Saleh had a different take.
“I haven’t had a chance to talk to him yet, but I’m sure he’s beating himself up over a play or two here or there, but he shouldn’t,” Saleh said. “There’s nothing that he should be ashamed of.”
That one play was largely the bad and the ugly. The good was apparent through the majority of the preceding three quarters and change. And there was the second-half opening drive that was simply great.
Down, 17-2, Wilson drove Jets 62 yards and looked to have made a dazzling throw to Tyler Conklin for a touchdown. Alas, the low throw was dropped by Conklin on a diving attempt. New York settled for a field goal.

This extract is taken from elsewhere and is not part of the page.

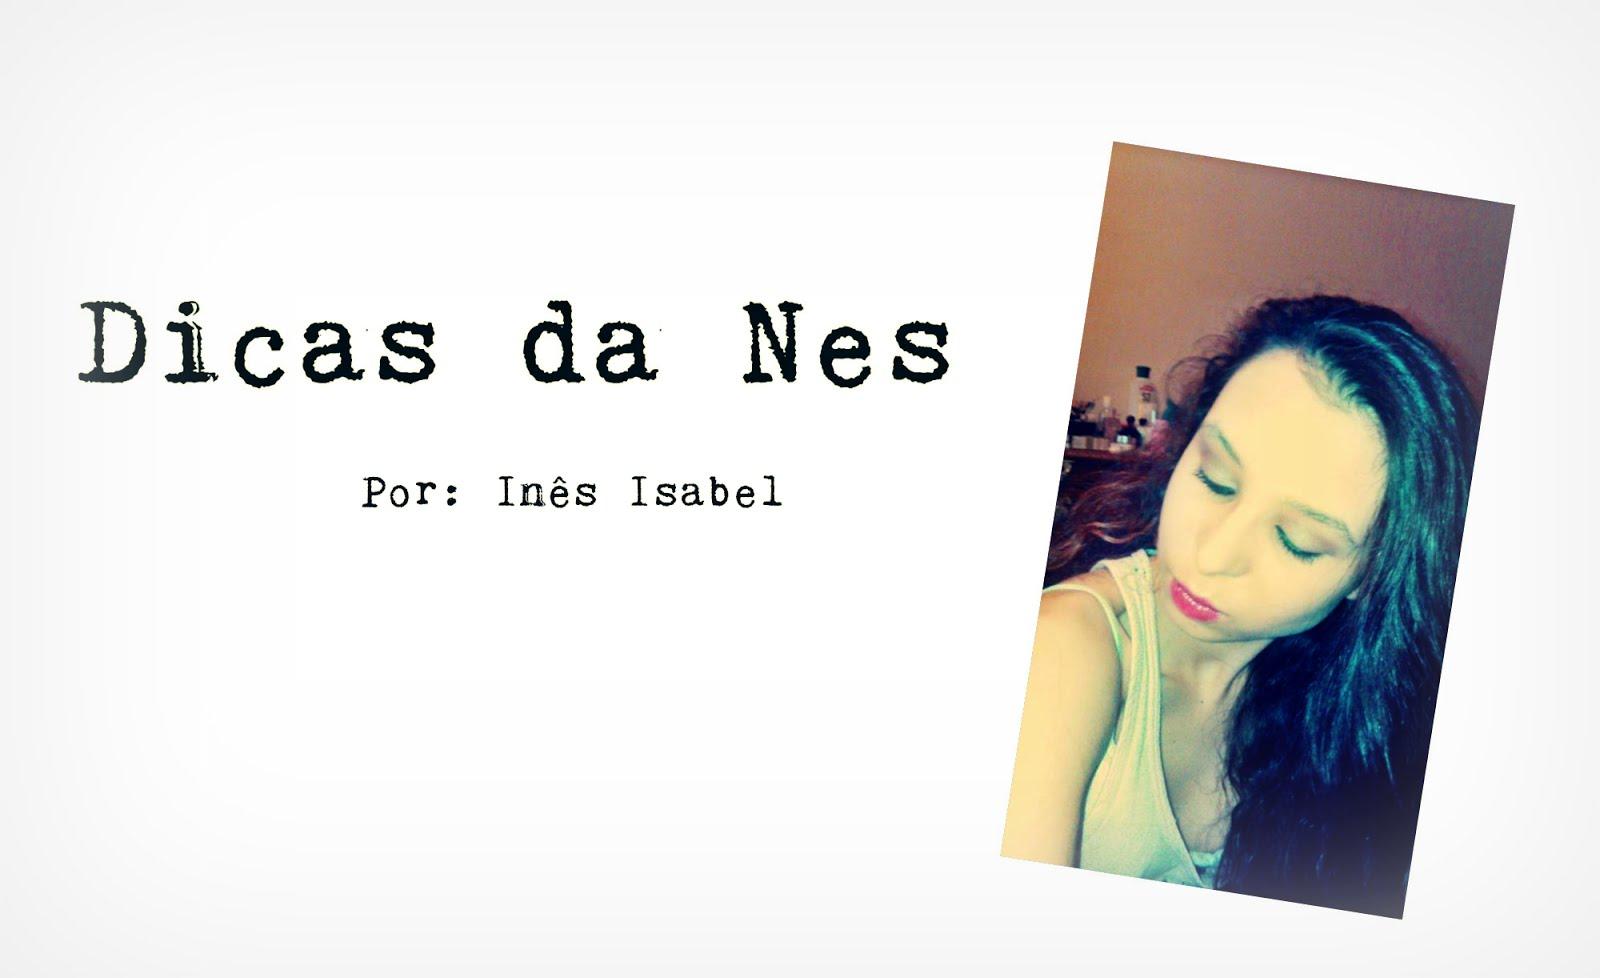 Dicas da Nes

“I threw that one low to Conklin,” Wilson said. “That should’ve been a touchdown. Not ending in a field goal. It’s the little things that win games, and if you want to be great, you have to have those. And I need to be better on those.”
However, before the half, Wilson connected with C.J. Uzomah for a 1-yard score.

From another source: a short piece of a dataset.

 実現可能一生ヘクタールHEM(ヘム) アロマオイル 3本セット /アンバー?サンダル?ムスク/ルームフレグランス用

Heading out of the locker room trailing, 20-12, Wilson led the Jets on a seven-play, 75-yard odyssey that was a portrait of the former No. 2 overall pick at his very best.
He was 5 of 5, including two tight window completions for a +44.1% completion percentage over expected, per Next Gen Stats. He was cooking with gas and playing with confidence. The drive culminated with a 10-yard scoring hookup to Allen Lazard. A moment later, Wilson scrambled in for a diving two-point conversion. He was lifted up and into the air by a teammate. It was likely the Jets’ finest moment since Week 1 after they rallied in the aftermath of Rodgers’ tearing his Achilles.

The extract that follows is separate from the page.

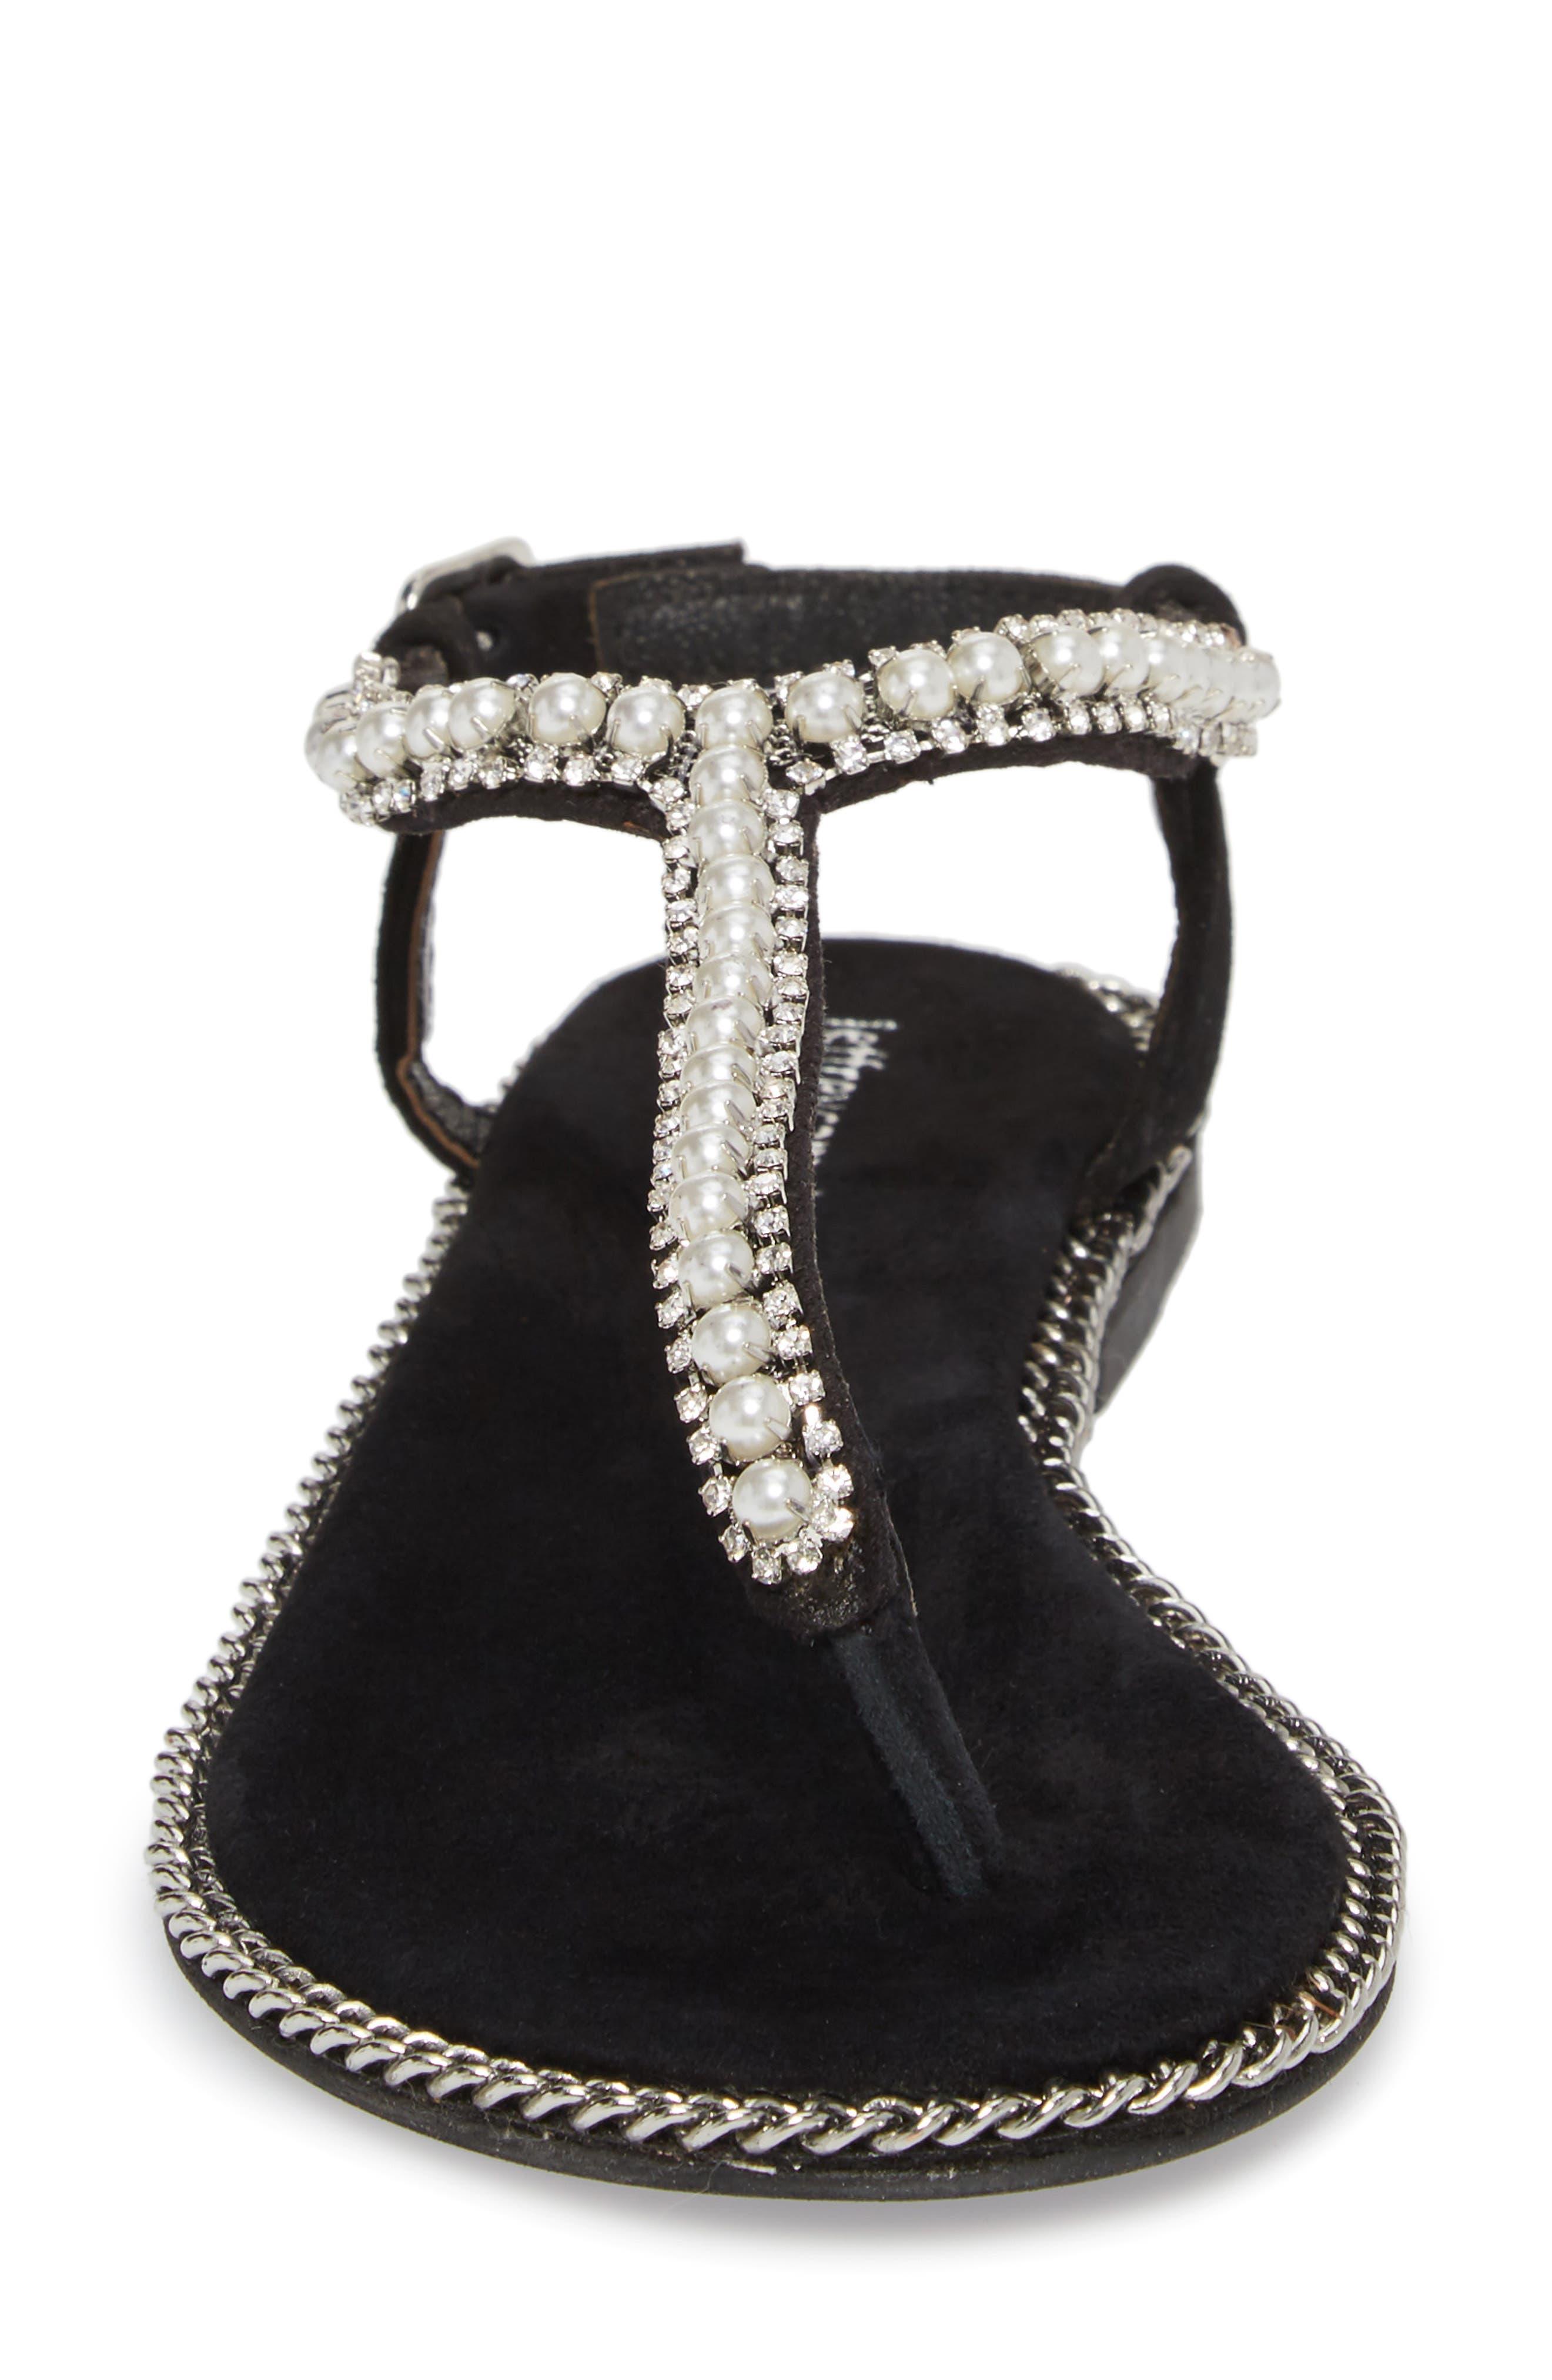 Embellished Ankle Strap Sandal,                             Alternate thumbnail 4, color,                             Black Suede

Two punts and the aforementioned fumble followed, though.
“I felt like (offensive coordinator Nathaniel Hackett) did an unbelievable job today mixing it up and taking shots and spreading it around,” Wilson said. “I thought he was keeping them on their toes. I thought we had a good plan, I thought I was seeing it really well. I would say we need to keep building on this, but I need to be better with the details.”
New York sits at 1-3. That’s the harsh reality of it all.
Still, Wilson was slinging it on Sunday. This isn’t his first good game, but it was his first in a long time and at least temporarily rewarded Saleh’s undying confidence in him.
Perhaps there was a silver lining for Gang Green. Perhaps not.
“You can always take positives out of any situation,” Saleh said. “No moral victories, but would have liked to have seen if we could have pulled that one off on that last drive.”
Nevertheless, Wilson definitely walked away having earned his opponents’ respect, including his counterpart on Sunday, the reigning NFL Most Valuable Player.
Said Mahomes to Melissa Stark at the end of the NBC broadcast: “He played his ass off.”